2. The method of claim 1, wherein the material comprises a magnetostrictive material.
3. The method of claim 1, wherein the material comprises an electrostrictive material.
4. The method of claim 1, wherein the material is positioned between Bragg gratings formed in the optical waveguide.
5. The method of claim 1, wherein the strain is measured using any method including interferometric methods, such as intrinsic Fabry-Perot, Michelson or Mach Zhender interferometry.
6. The method of claim 1, wherein the optical waveguide comprises a sensing arm of an interferometer.
7. The method of claim 1, wherein the material is bonded directly to or coated on the optical waveguide.

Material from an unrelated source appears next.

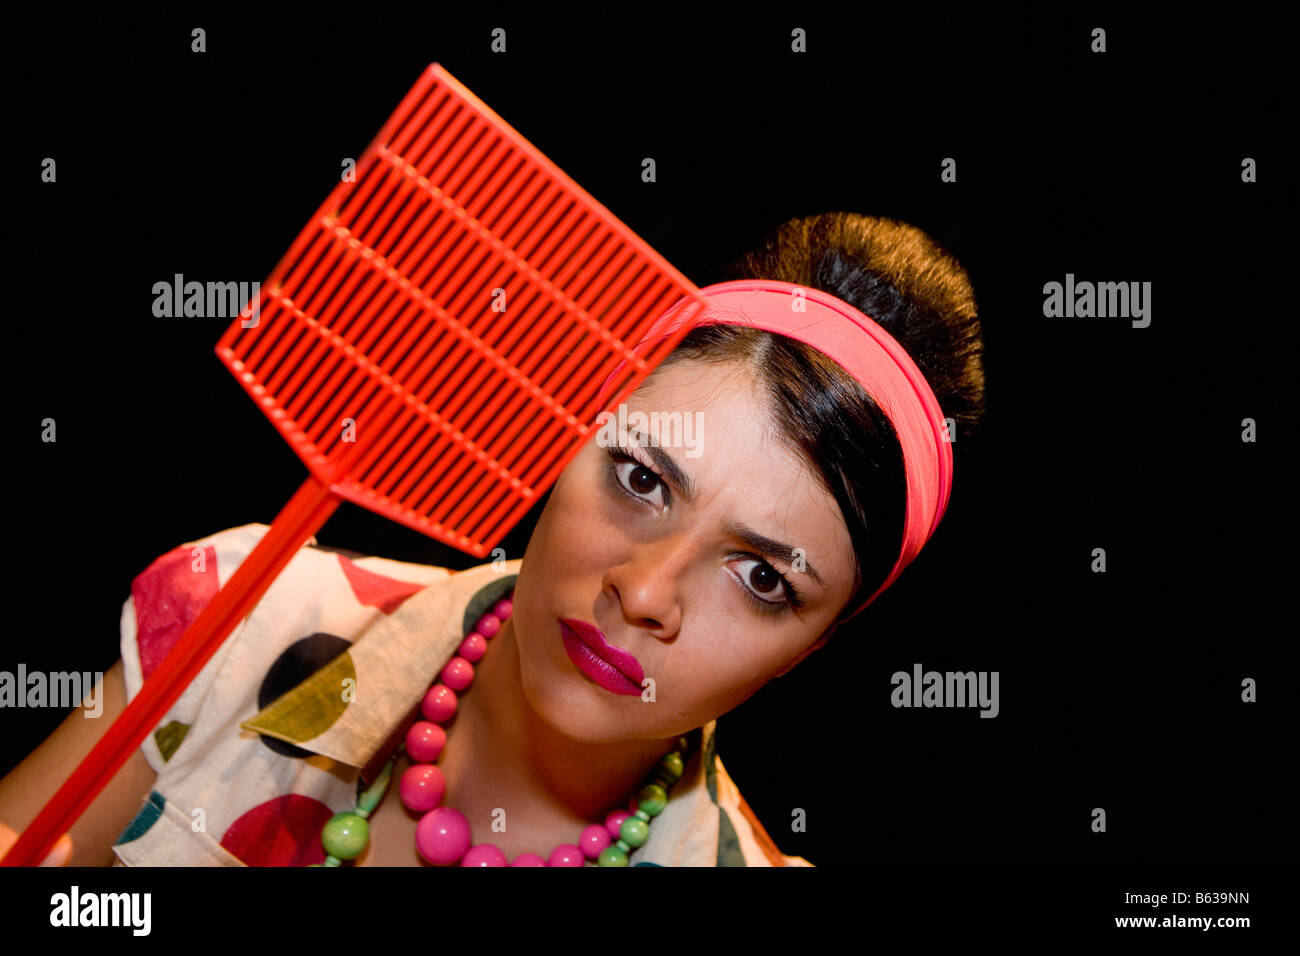 Portrait of a young woman holding a fly swatter Stock Photo

8. The method of claim 1, further comprising permanently installing the sensor in a wellbore.
9. The method of claim 1, further comprising installing the sensor in cement between a casing and a wellbore.
10. The method of claim 1, further comprising the sensor detecting the electromagnetic field representing resistivity in the formation.
11. The method of claim 1, further comprising the sensor monitoring a proximity of a flood front.
12. A well system, comprising:
an optical electromagnetic sensor installed in a well; and
wherein a strain is induced in an optical waveguide of the sensor in response to an electromagnetic field induced in an earth formation.
13. The system of claim 12, wherein the sensor further comprises a material which changes shape in response to exposure to the electromagnetic field.
14. The system of claim 13, wherein the strain is induced in the optical waveguide in response to a change in the material shape.
15. The system of claim 13, wherein the material comprises a magnetostrictive material.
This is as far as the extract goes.